Applebaum has pointed out that crypto is an especially potent vehicle for corruption because investment can be anonymous. You can funnel money to the President of the United States and nobody will ever know. This is a bribery machine with the serial numbers filed off, operating in broad daylight.
And it goes on. The Board of Peace, a new international body Trump created and chairs, commands $17 billion in commitments ($10 billion from U.S. taxpayers, the rest from other nations) and Trump alone controls appointments, dismissals, agendas, and resolutions. Congress has not authorized where the $10 billion comes from. It is, as The Conversation put it, a privatized UN with one shareholder. The only way for Trump to lose his seat as head of the Board of Peace? He dies.
Trump has filed administrative claims seeking $230 million from the DOJ for alleged damages from investigations into his conduct. He has also sued the IRS for $10 billion, roughly two-thirds of the agency’s entire annual budget, over the leak of his tax returns. When asked about the obvious problem of a President suing a government he controls, Trump told supporters: “I’m supposed to work out a settlement with myself.” He has floated donating the proceeds to charity, which would, of course, also give him a tax deduction on a ten-billion-dollar settlement he approved for himself. (I also note that he controls many non-profits that function as his piggy bank.) Former DOJ lawyers, conservative and liberal alike, have urged the court to reject the claim.
When Lutnick became Commerce Secretary, he transferred his equity in Cantor Fitzgerald to a trust benefiting his adult sons, tax-free, as permitted by government ethics rules. Brandon, twenty-eight, became chairman. Kyle became executive vice chairman. The Commerce Secretary’s sons now run a major financial firm that is under congressional investigation by Senators Wyden and Warren for possible conflicts of interest related to tariff bets—bets on the legality of tariffs that their father, as Commerce Secretary, helped design. Matthew Moroun, the billionaire owner of the Ambassador Bridge between the U.S. and Canada, donated $1 million to MAGA Inc. on January 16th, met with Commerce Secretary Lutnick hours later, and less than a day after that, Trump announced he would “not allow” a competing bridge to open. Fisher Sand & Gravel, run by a reliable Republican donor, has received roughly $2 billion in border wall contracts.
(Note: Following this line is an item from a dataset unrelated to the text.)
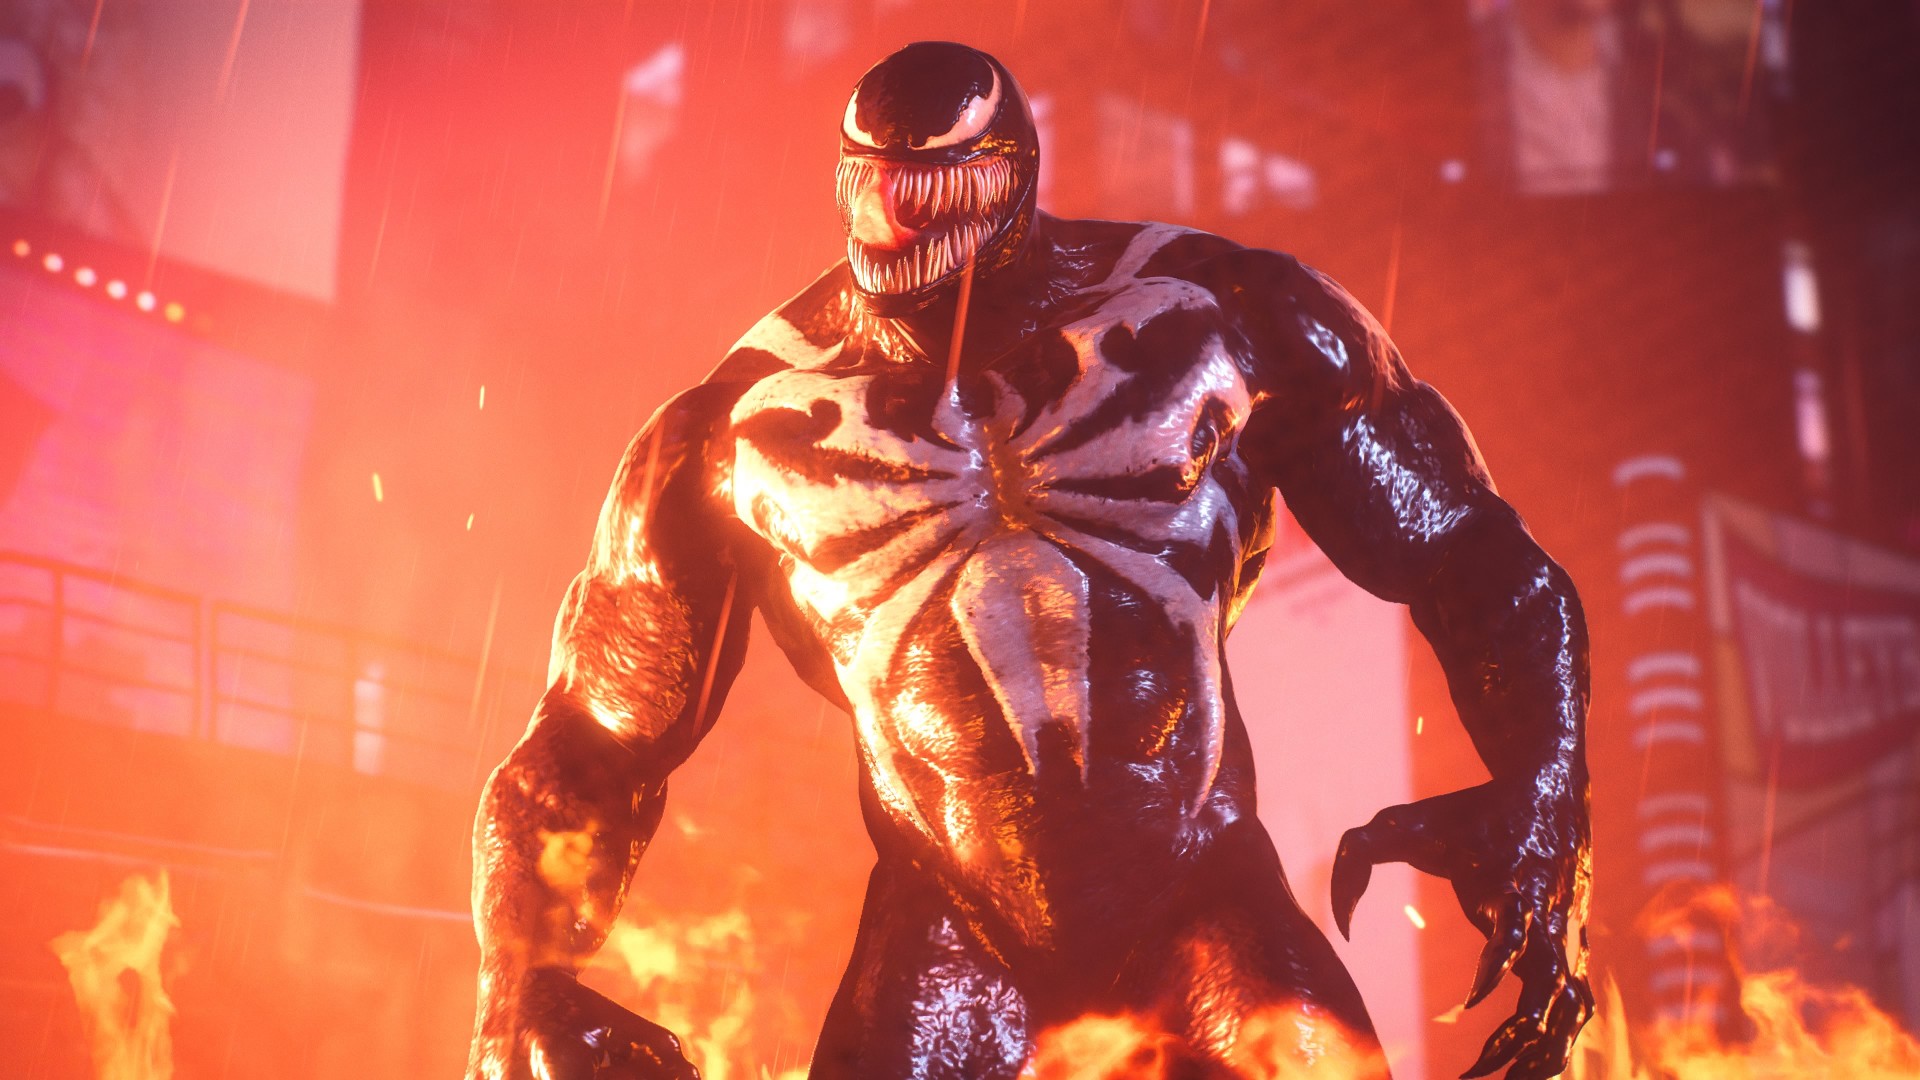 Web-Slinging surprise! Spider-Man: Across the Spider-Verse teases Venom

Two billion dollars. To one donor’s company. For a wall.
I could keep going. I will not keep going because if I list every instance of graft in this administration we will be here all week and I have a toddler to feed. But sit with the weight of what I’ve just described, because that is only the financial dimension, and the financial dimension is only one face of this thing.
The Command Economy
There is a word for an economic system in which the government dictates which companies can operate, who they must sell to, who they cannot sell to, what share of their revenue belongs to the state, and which political allies get to buy the remains. That word is not “capitalism.” That word is not “free market.” The Republican Party, which has spent fifty years telling us that the invisible hand of the market is the closest thing to God’s hand on earth, has built a command economy in under a year.
Trump forced the sale of TikTok to a consortium of political allies — Larry Ellison, Rupert and Lachlan Murdoch, Michael Dell — signing the executive order with the words “If I could make it 100% MAGA, I would.” The federal government took a ten percent stake in Intel, purchasing $8.9 billion worth of common stock — the government literally owns part of a semiconductor company now, which is the sort of thing Republicans used to accuse Venezuela of doing. NVIDIA pays twenty-five percent of its Chinese revenue to the federal government as the cost of being allowed to sell there. The word “tribute” is appropriate. The word “tax” does not do it justice.
Then there is U.S. Steel. Trump blocked Nippon Steel's $14.1 billion acquisition, then reversed himself and approved it on one condition: the United States government, meaning Trump personally, would receive a "golden share" granting veto power over the company's hiring, capital spending, plant closures, headquarters location, and acquisitions, through 2035. He appointed Commerce Department officials to the board. The Atlantic Council asked openly whether Trump had effectively nationalized the company. When U.S. Steel tried to shut down a plant in Granite City, Illinois, Commerce Secretary Lutnick called the CEO and told him he wouldn't allow it. The President of the United States now exercises operational control over a private steel company. The United Steelworkers' president said Trump had assumed "a startling degree of personal power over a corporation." He didn't demand a cash cut. He demanded something more valuable: control.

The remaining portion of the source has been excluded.